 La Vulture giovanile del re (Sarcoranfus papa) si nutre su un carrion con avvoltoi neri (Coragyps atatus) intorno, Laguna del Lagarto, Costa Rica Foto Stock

——————————

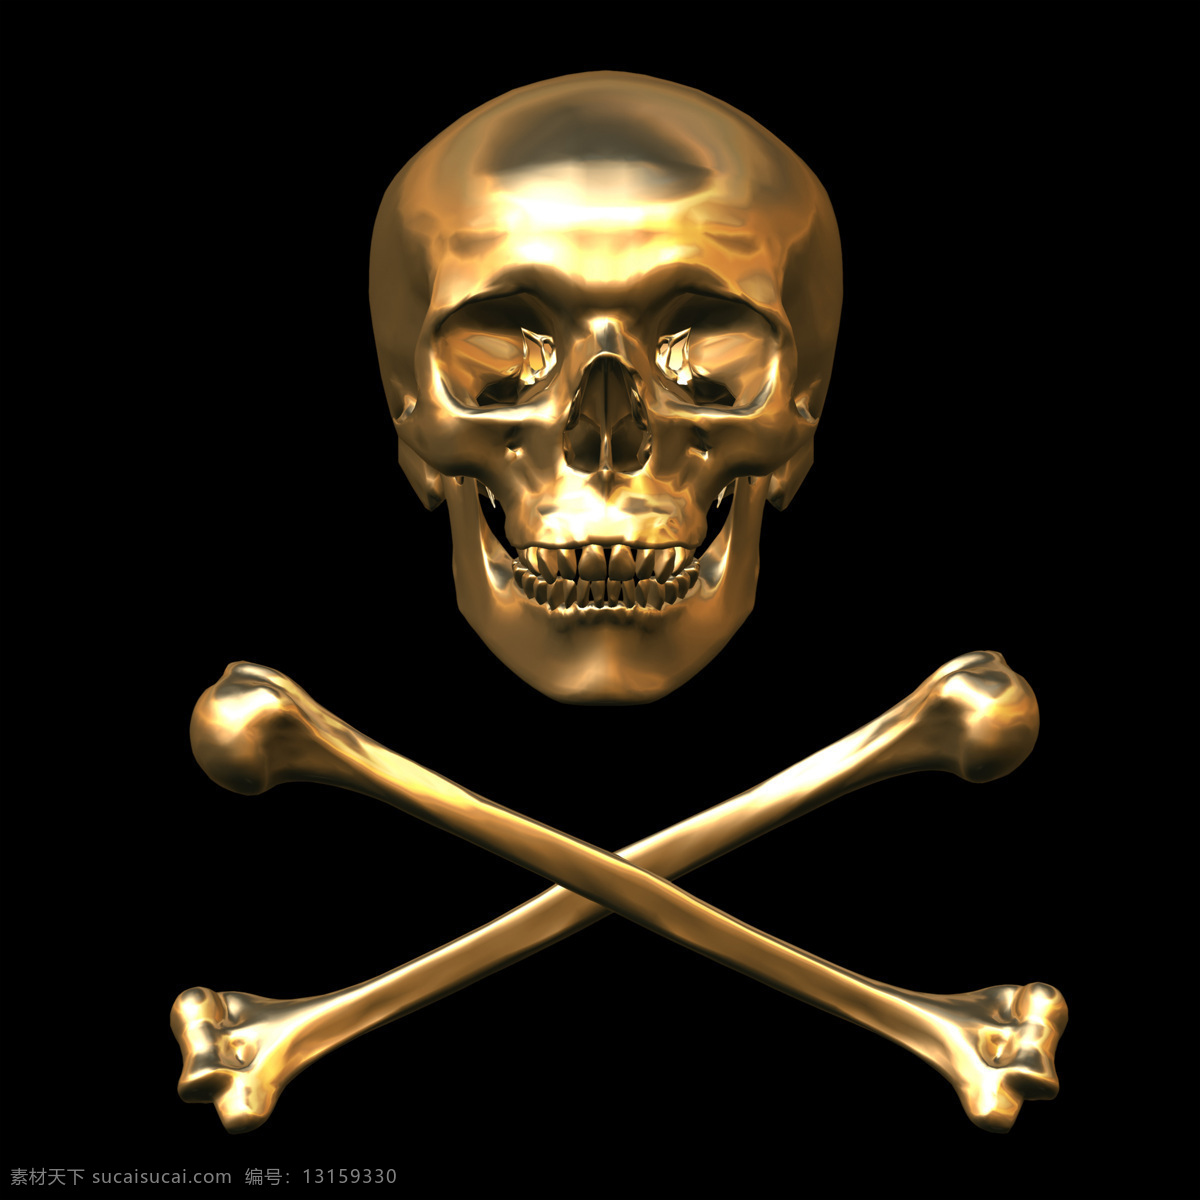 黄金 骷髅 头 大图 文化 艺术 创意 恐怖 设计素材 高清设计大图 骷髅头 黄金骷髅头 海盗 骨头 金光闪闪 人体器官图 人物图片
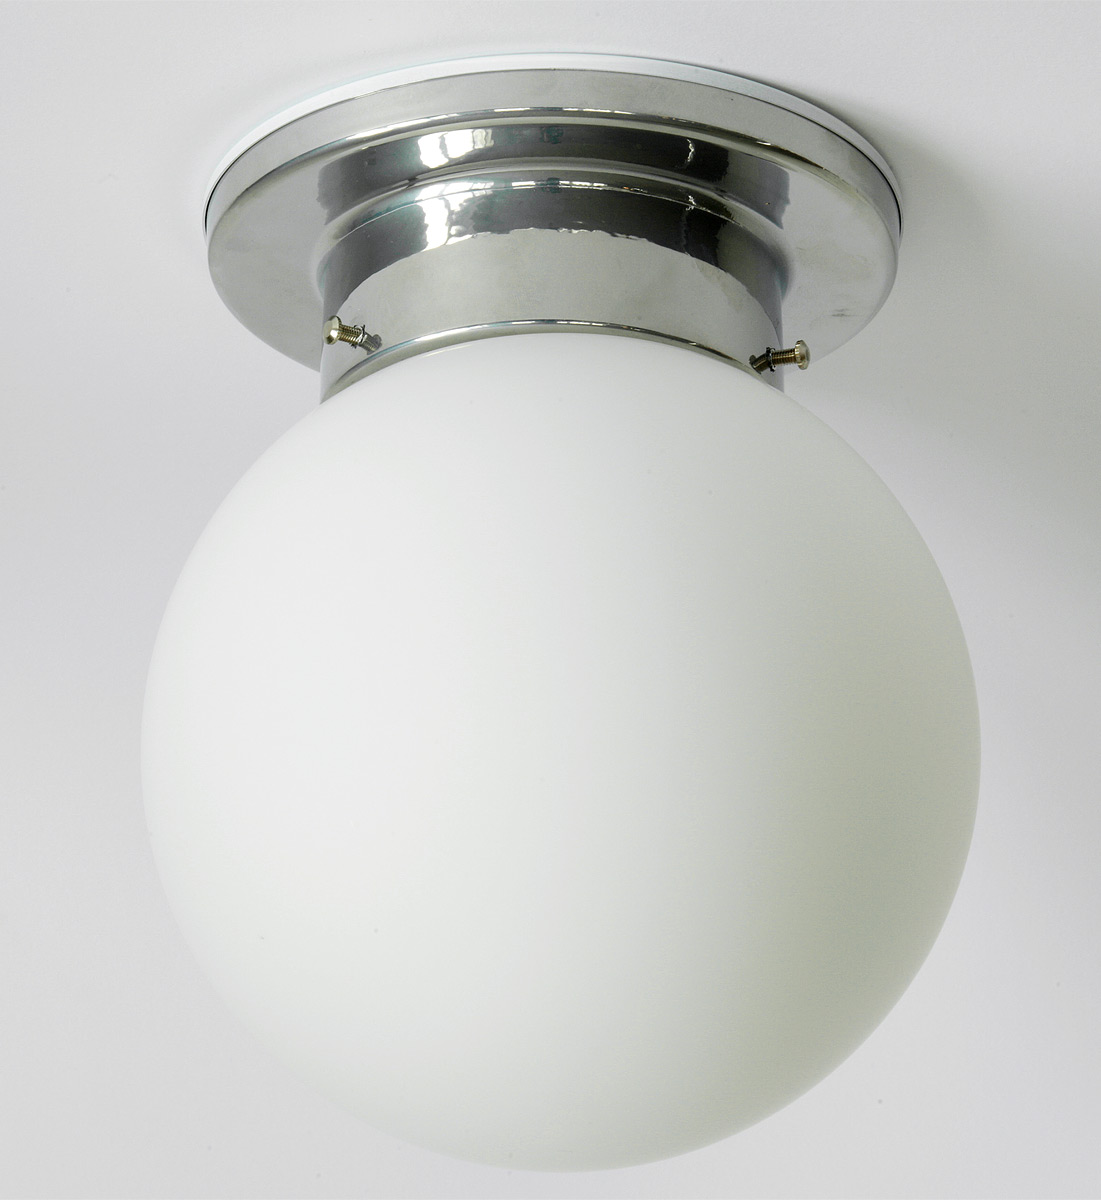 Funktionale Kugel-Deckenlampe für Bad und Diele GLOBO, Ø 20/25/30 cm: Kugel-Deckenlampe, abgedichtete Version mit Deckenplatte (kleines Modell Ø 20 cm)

——————————

* _WHAT THIS TASK INVOLVES_
Return exactly the lines that appear in the data above between the line containing "黄金 骷髅 头 大图 文化" and the line containing "Funktionale Kugel-Deckenlampe für", both of which are included, and leave the pictures out.

* _ANSWER AREA_
 黄金 骷髅 头 大图 文化 艺术 创意 恐怖 设计素材 高清设计大图 骷髅头 黄金骷髅头 海盗 骨头 金光闪闪 人体器官图 人物图片
 Funktionale Kugel-Deckenlampe für Bad und Diele GLOBO, Ø 20/25/30 cm: Kugel-Deckenlampe, abgedichtete Version mit Deckenplatte (kleines Modell Ø 20 cm)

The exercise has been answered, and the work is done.